**Problem statement**
Reproduce the listing below word for word and exclude any picture.

**The data**
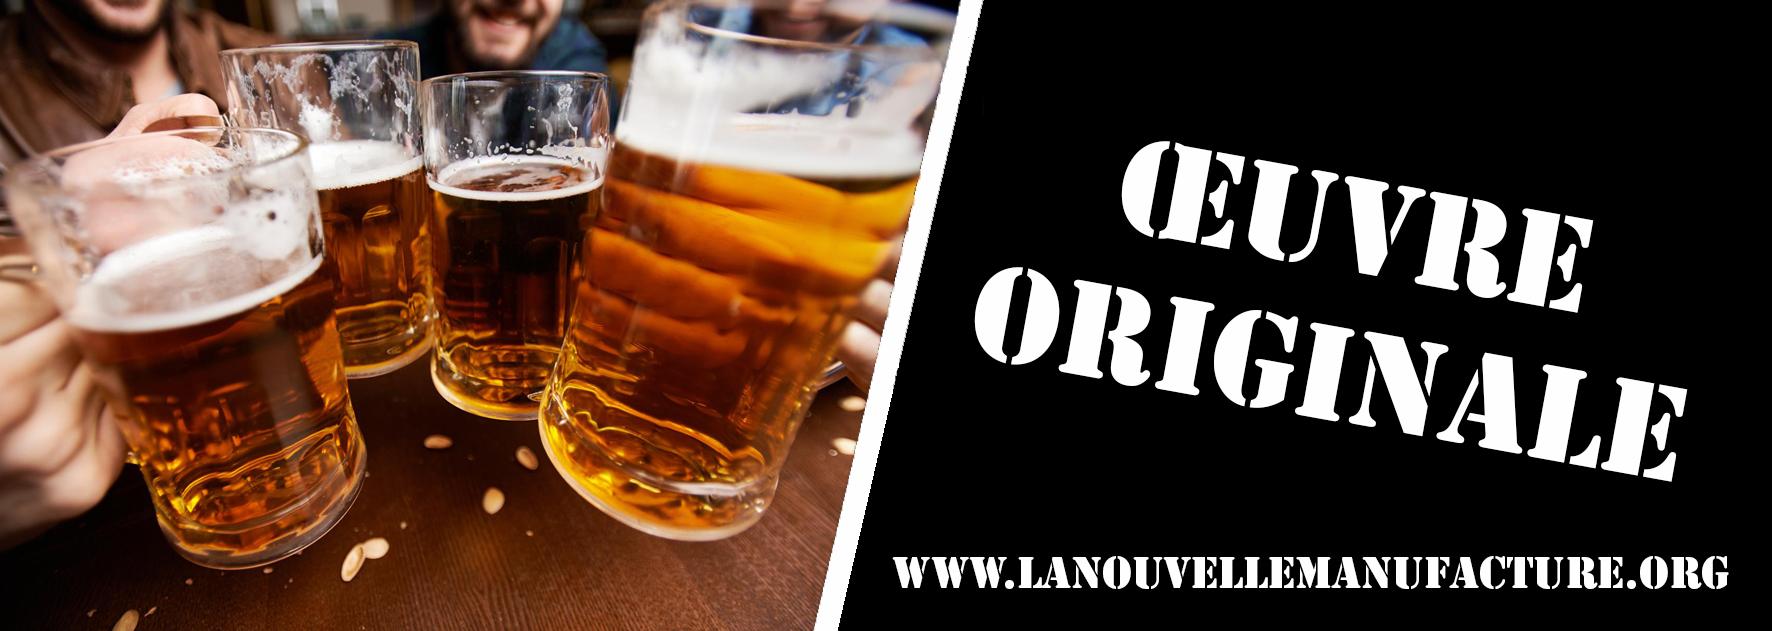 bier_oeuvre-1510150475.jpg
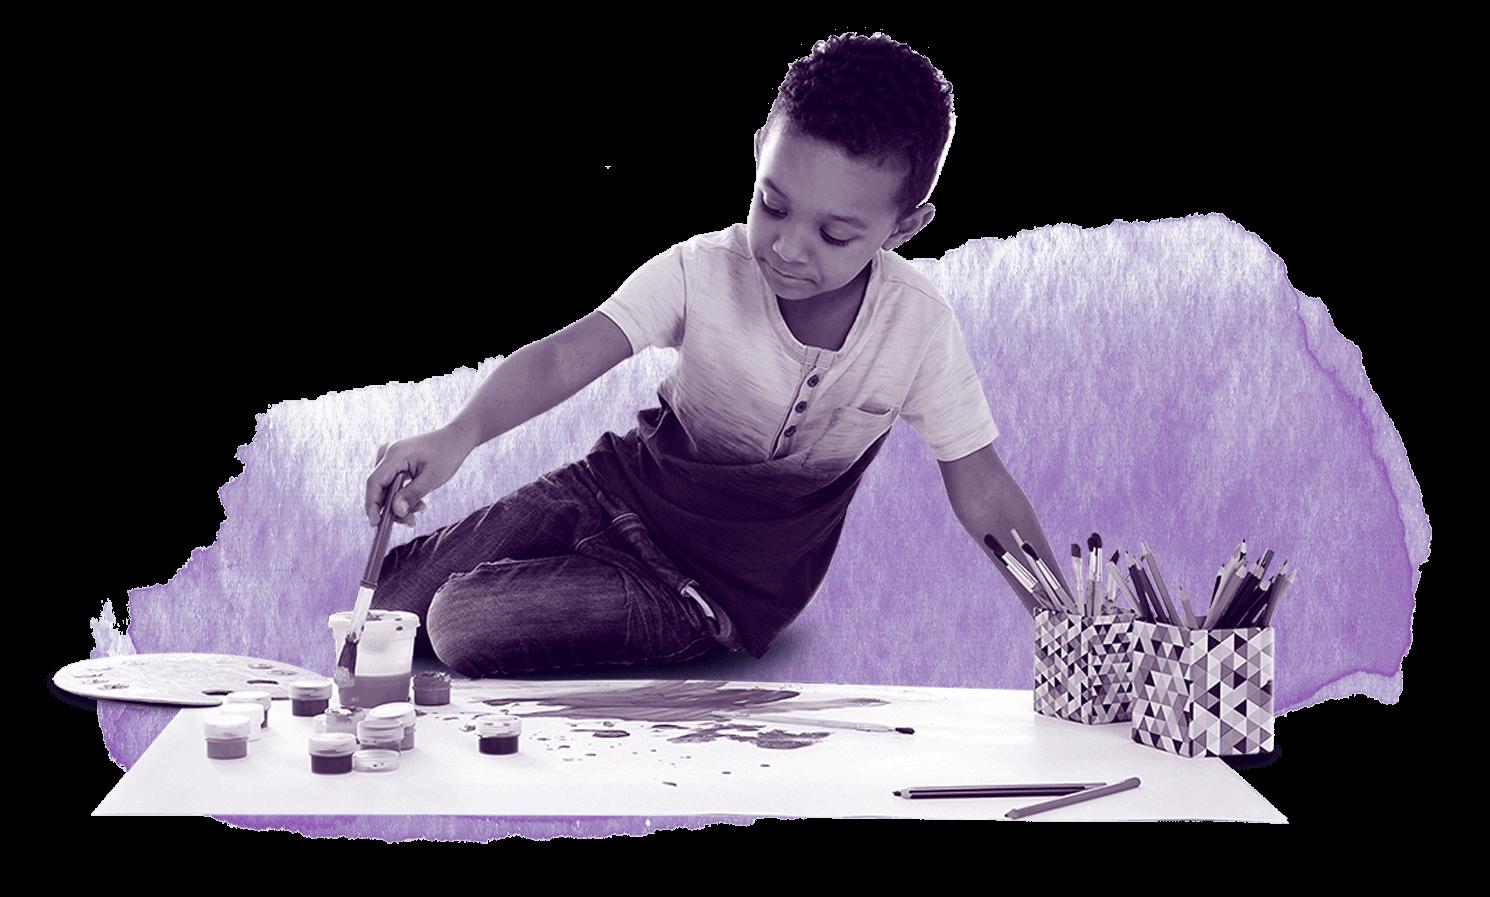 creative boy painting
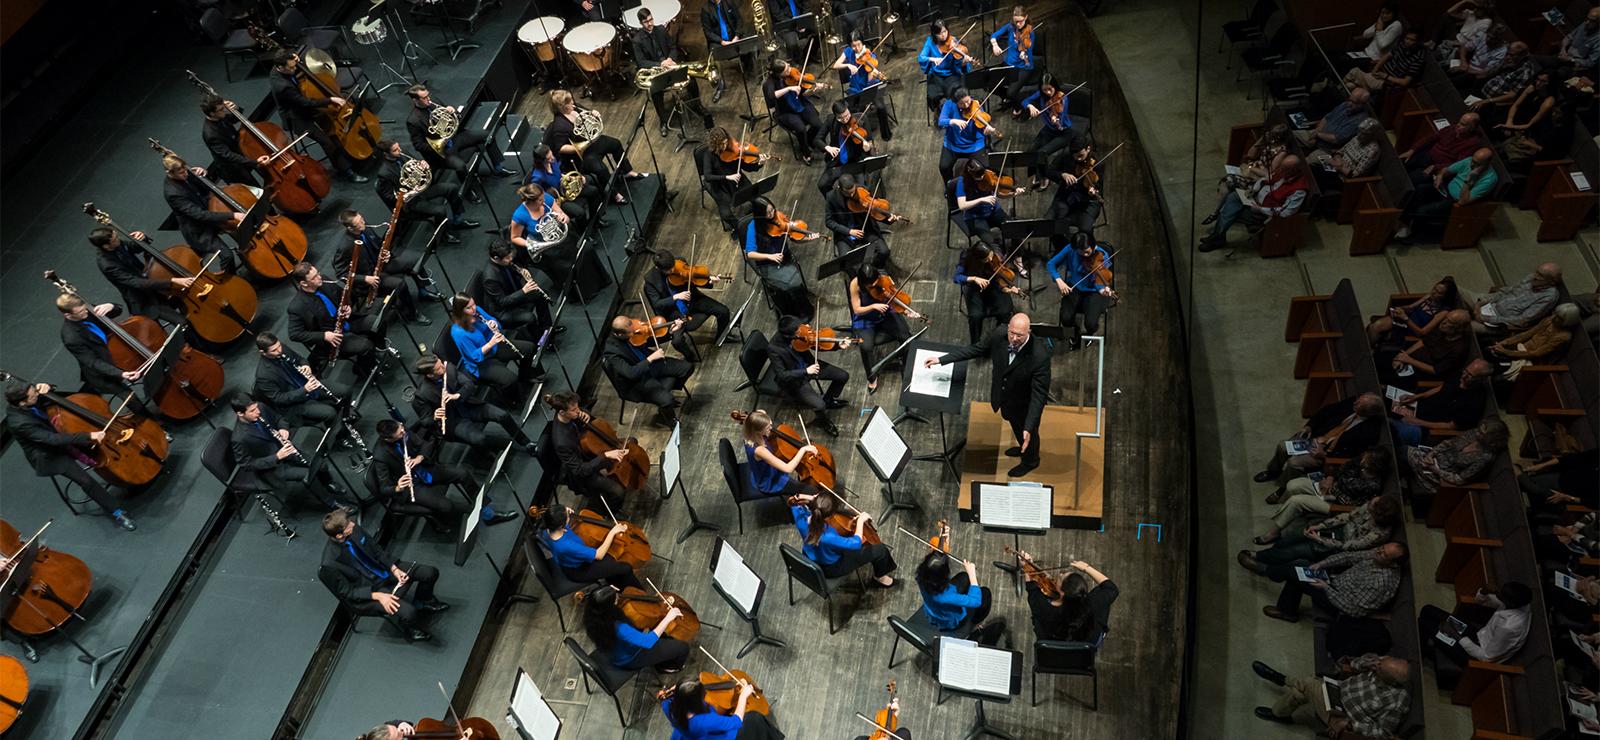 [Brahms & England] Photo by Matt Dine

**Exercise answer**
 bier_oeuvre-1510150475.jpg
 creative boy painting
 [Brahms & England] Photo by Matt Dine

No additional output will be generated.